> Exercise aim:
Please repeat, exactly and without pictures, the lines of the entries below that run from the one containing "Italian Orange Lara" through the one containing "Lara modular sofa in".

> The input:
..............................

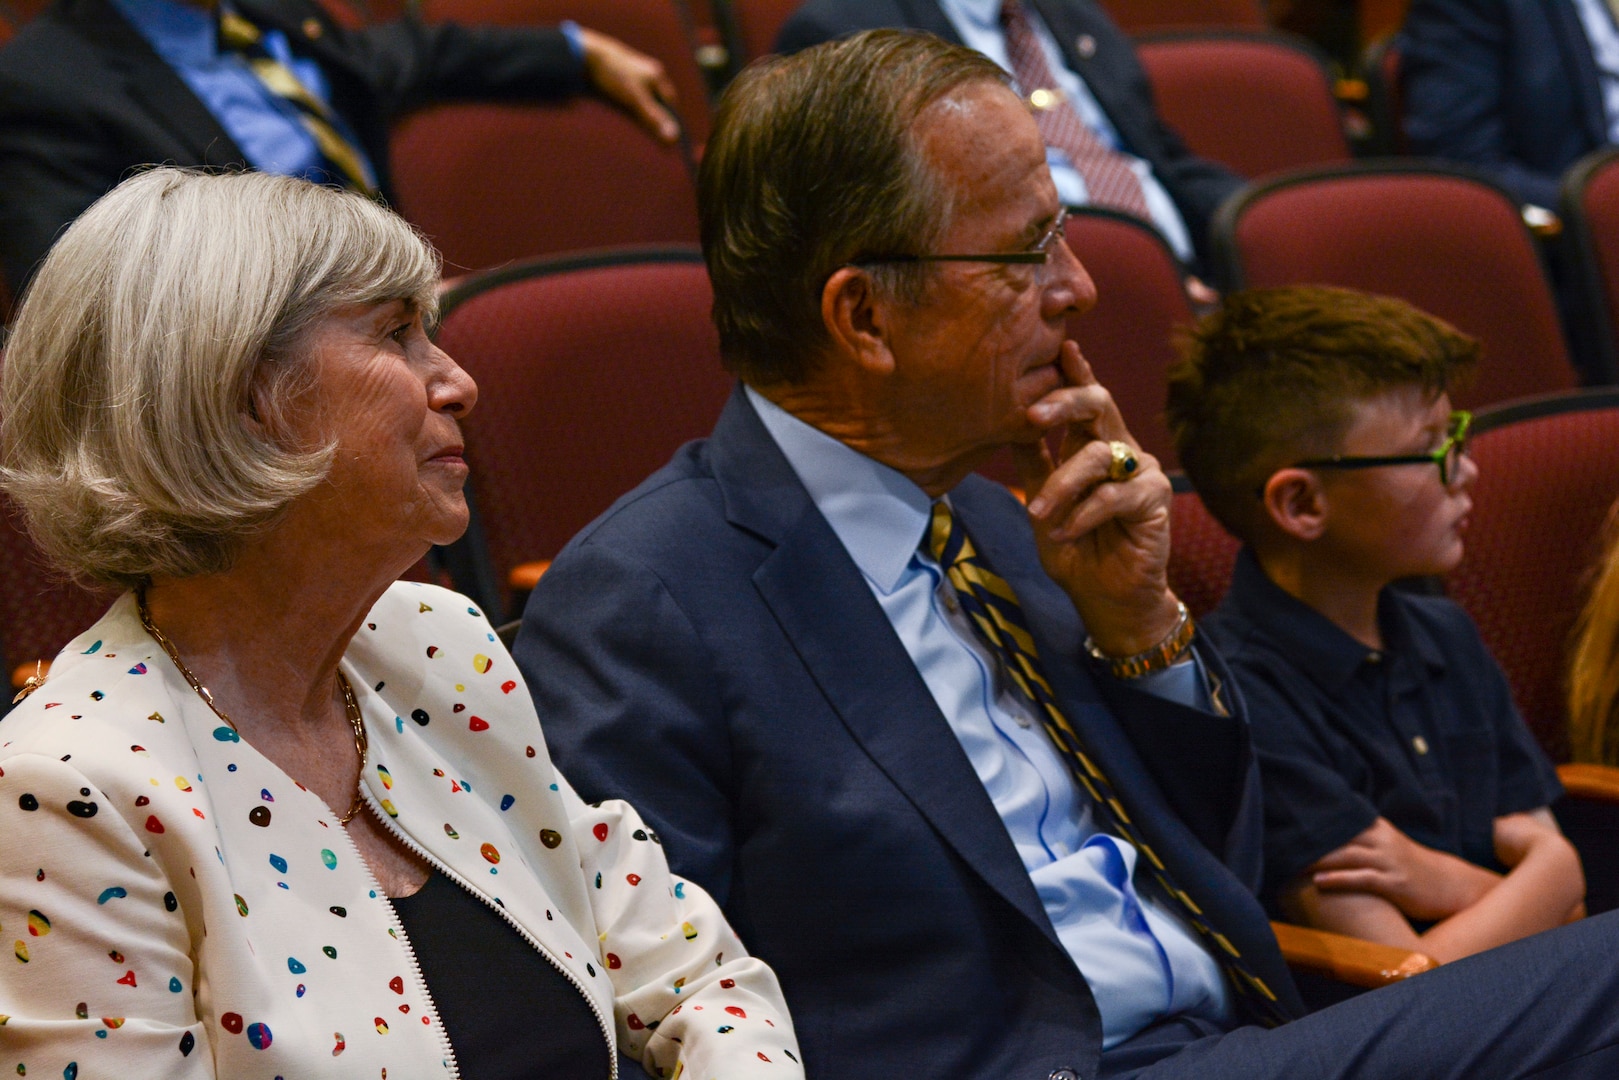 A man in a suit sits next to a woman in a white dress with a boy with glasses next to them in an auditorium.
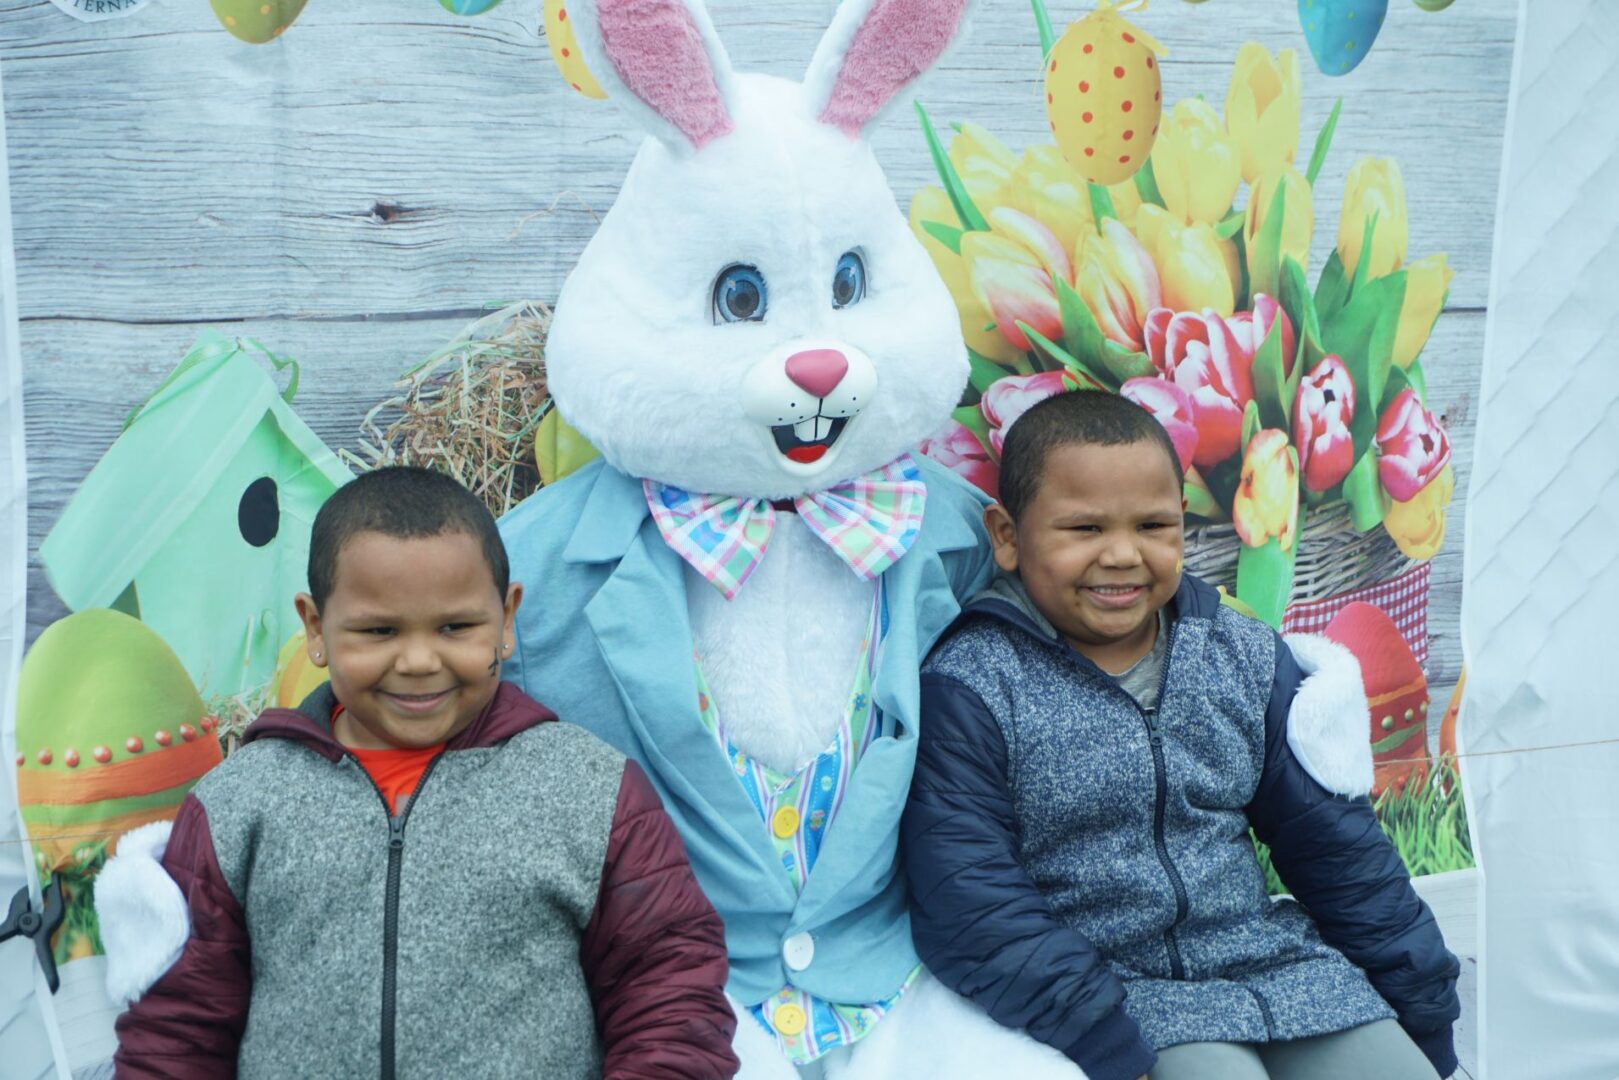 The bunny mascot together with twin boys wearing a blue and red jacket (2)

..............................

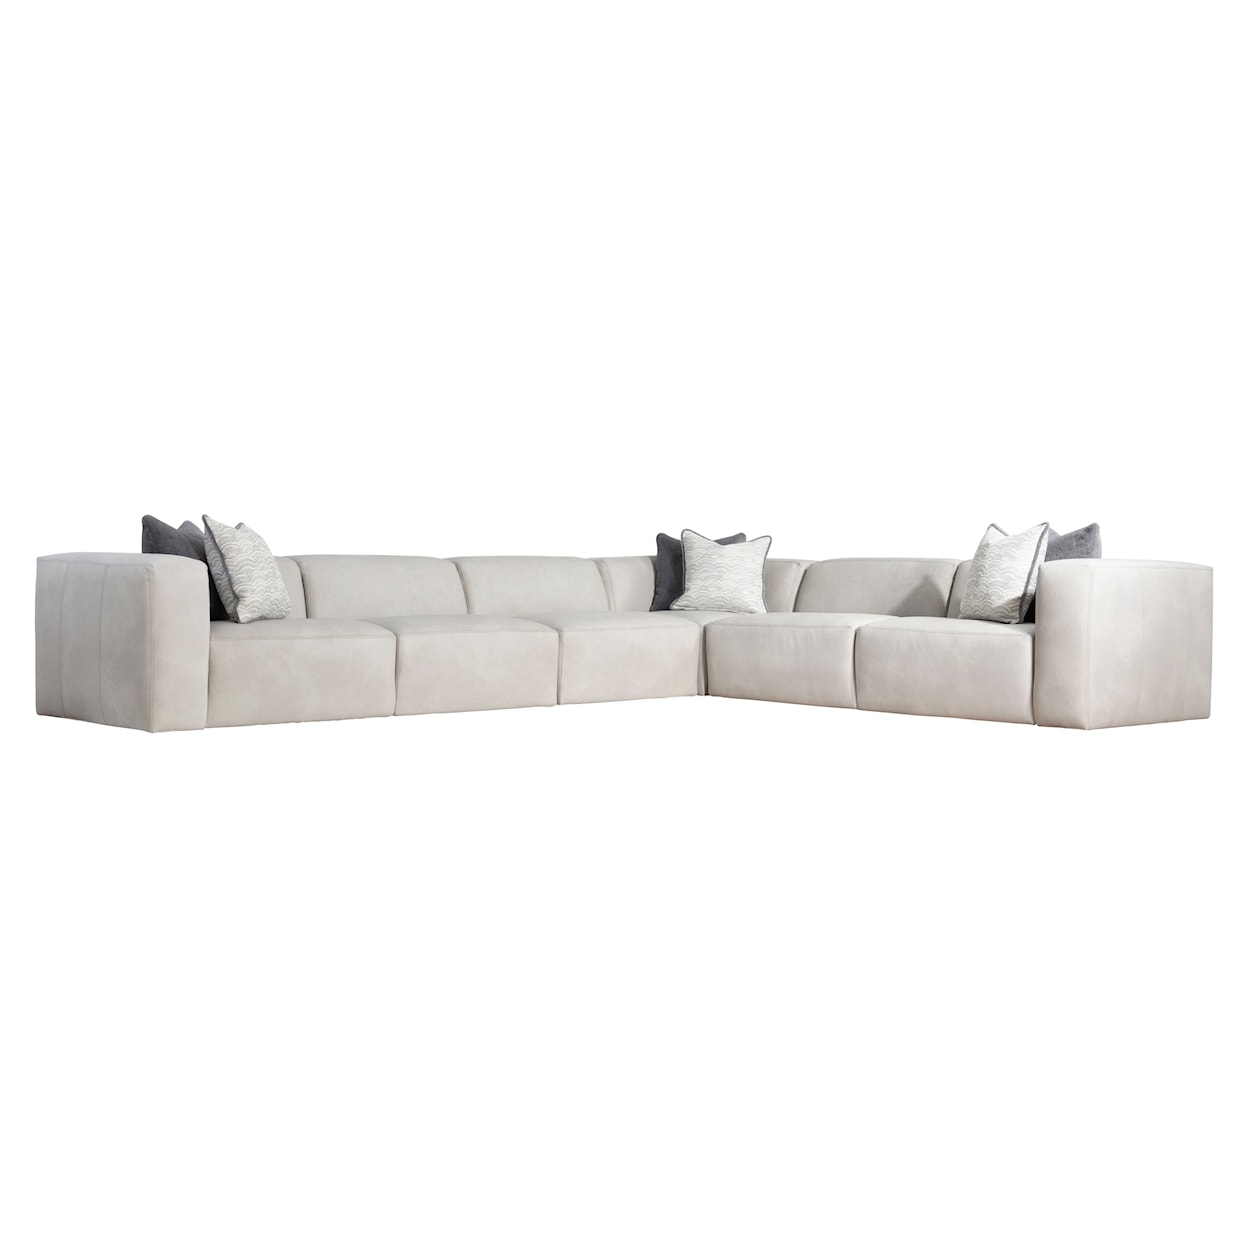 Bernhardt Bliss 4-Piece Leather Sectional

..............................

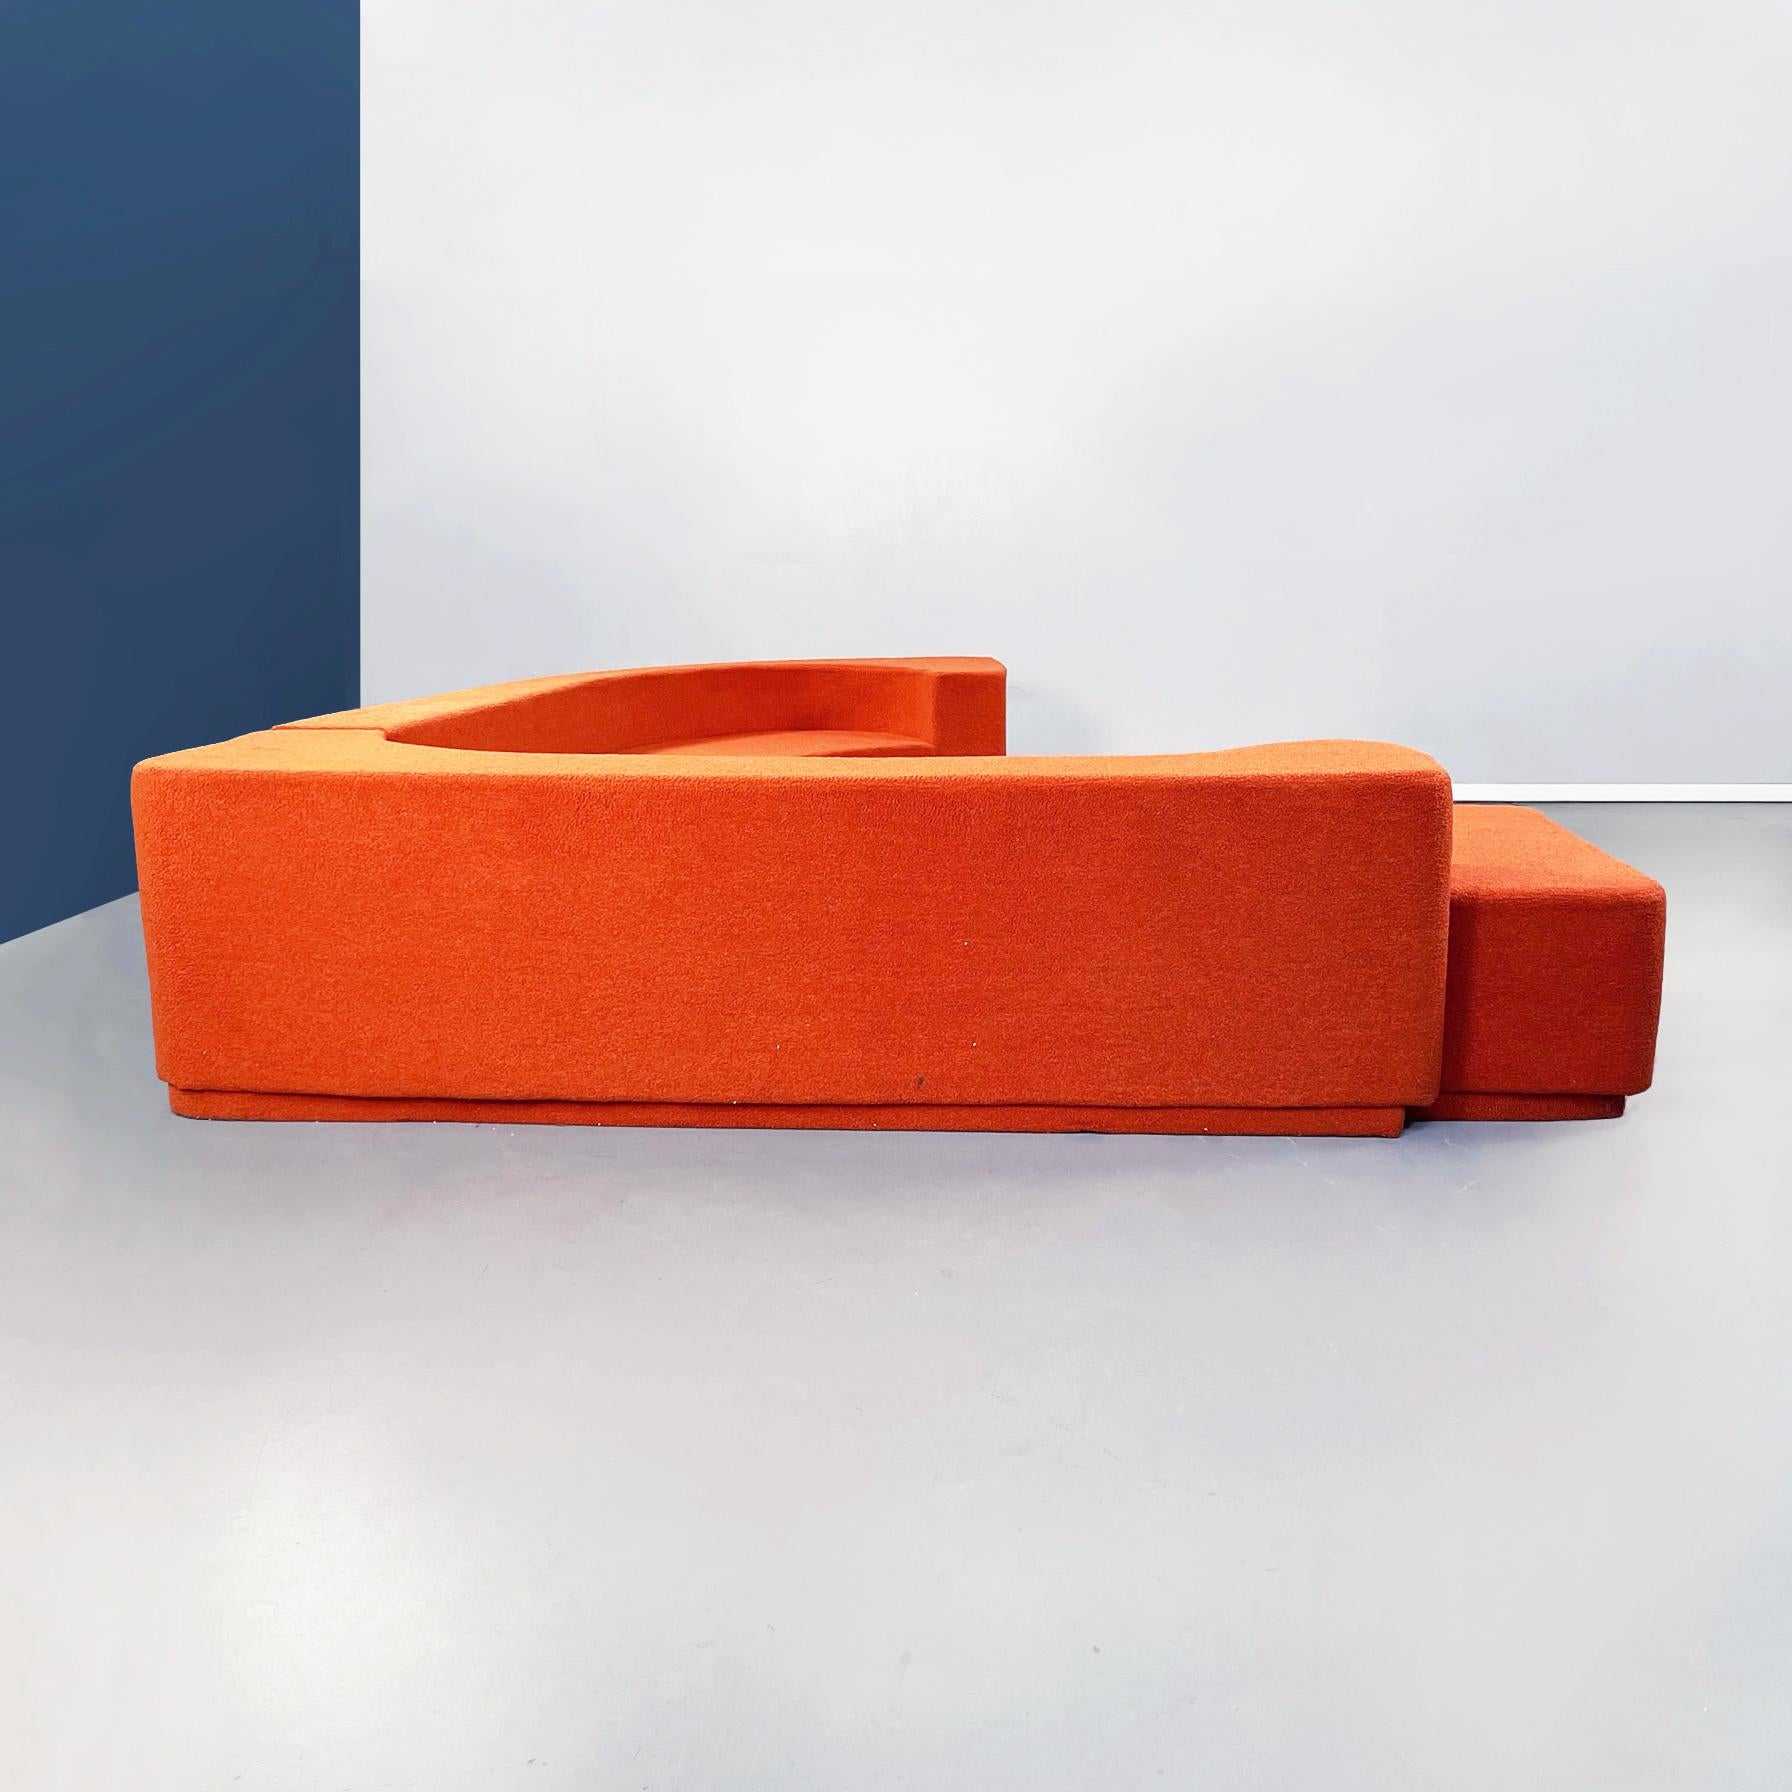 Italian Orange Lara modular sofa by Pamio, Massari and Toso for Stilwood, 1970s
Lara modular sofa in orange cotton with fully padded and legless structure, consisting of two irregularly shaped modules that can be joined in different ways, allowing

..............................

> Answer area:
 Italian Orange Lara modular sofa by Pamio, Massari and Toso for Stilwood, 1970s
Lara modular sofa in orange cotton with fully padded and legless structure, consisting of two irregularly shaped modules that can be joined in different ways, allowing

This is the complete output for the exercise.